Not that there was much competition.

For the second year running, nonprofit consulting firm Good Energy applied its Climate Reality Check to the actual Oscar-nominated films. Intended as a climate version of the Bechdel test, which measures representation of women, the Climate Reality Check tests whether a movie and its characters acknowledge global warming.

Compared to last year, the results weren’t great.

Of last year’s 13 Oscar-nominated films that met Good Energy’s criteria (feature-length movies set in present-day or near-future Earth) three passed the test. This year, there were 10 eligible films. Only “The Wild Robot” passed.

The climate silence “does feel a little striking after the harrowing year we’ve all had,” Good Energy Chief Executive Anna Jane Joyner said, referring to the fossil-fueled wildfires that tore through Altadena and Pacific Palisades.

“I think Hollywood is learning firsthand that it’s on the front lines of climate change,” she added.

Maybe a few years from now, studios will release a torrent of movies and shows reflecting the realities of a scary-but-still-salvageable world, helmed by producers and writers jolted into renewed awareness by the infernos.

But for now, the picture is bleak.

A peer-reviewed study slated for publication this month, led by Rice University English and environmental studies professor Matthew Schneider-Mayerson, analyzes climate change mentions in 250 of the most popular movies of the last decade.

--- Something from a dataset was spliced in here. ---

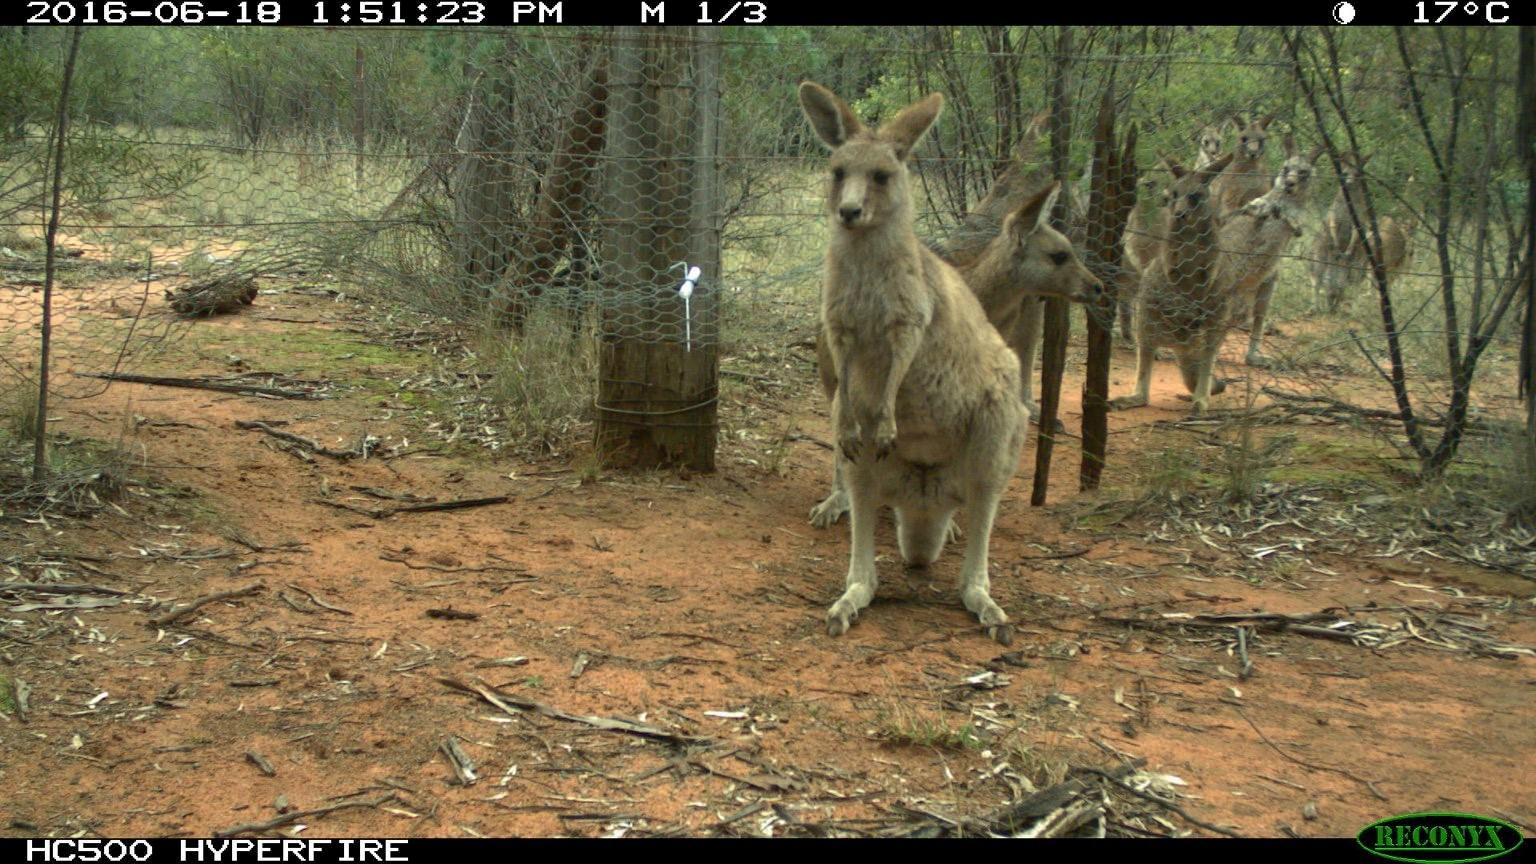 Kangaroo Lineup

The authors found that just 12.8% of the films allude to global warming.

Just 3.6% depict or mention the climate crisis in two or more scenes.

“A lot of times, it’s really being mentioned in passing,” Schneider-Mayerson said.

It’s also possible some Hollywood studios could be wary of acknowledging climate change on the silver screen so long as Donald Trump is president, given his history of climate denial and fealty to the oil and gas industry — and his growing propensity to threaten and bully media companies whose content displeases him.

Moving forward, filmmakers need to understand that stories ignoring climate change don’t reflect reality.

“It’s going to feel like they’re in a fantasy universe,” Joyner said.